The Sigma 18-50 f/2.8 Click Here is not what I think most people would recommend. That lens IS discontinued and is not as wide as you can get for similar cost from Sigma or Tamron. The 17-50 f/2.8 Sigma Click Here and Tamron Click Here are wider and a little more loved than the 18-50. A comparison of the two 17-50's and the Pentax 16-50 is found here.

Remember also the weather resistance of your camera is not intact if you have a non-weather resistant lens mounted. The primes you used are not weather resistant nor are the Sigma or Tamron lenses. The Pentax 16-50 is - which may be an important consideration for you or it may not. Since the warranty is not going to cover water intrusion you may just decide that this feature is only to be used as a backup to plastic bags and umbrellas.

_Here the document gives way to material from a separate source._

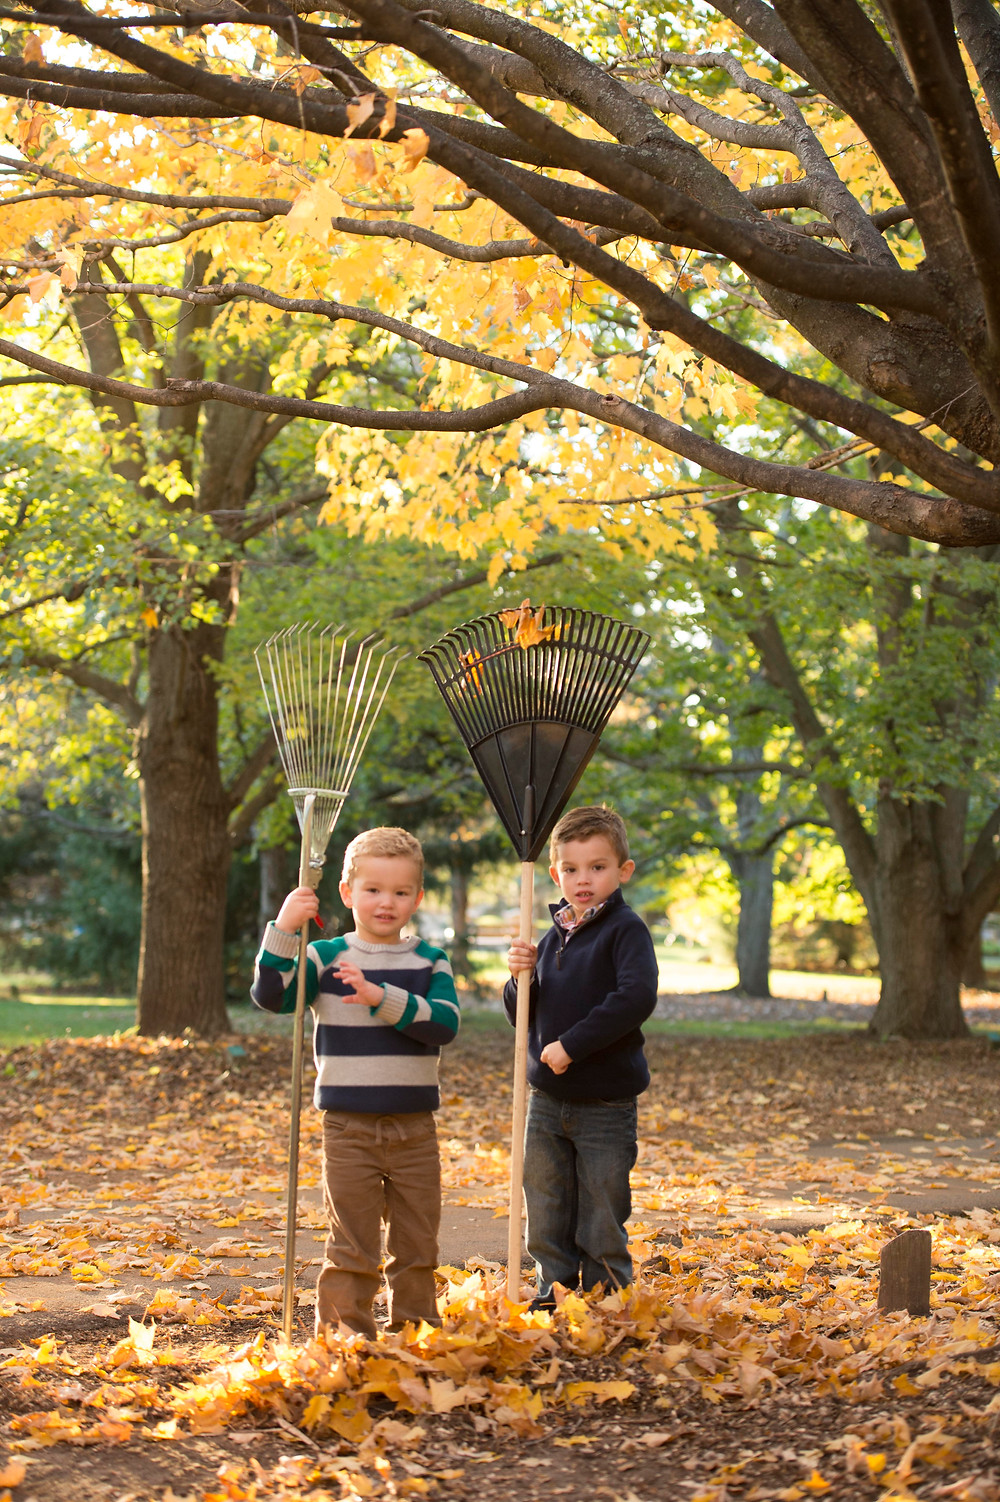 Lots of leaves to rake!

QuoteOriginally posted by leekil Quote
I looked at the other photographers' photo yesterday, briefly, and a couple things jumped out at me. First, a couple of them didn't really seem any better than yours; they seemed equally sharp/not sharp, though it was also hard to compare directly, since they had smaller images, which would probably look sharper even if they weren't at full size.
I tried to say this earlier and I think you phrased it better. The lower resolution images show less noise and it is difficult to compare. Downsampling can improve the look a lot. I also think the main difference is the lighting effects in post processing. Many of them used a nostalgic look which is harder to achieve without a lot of specific effort.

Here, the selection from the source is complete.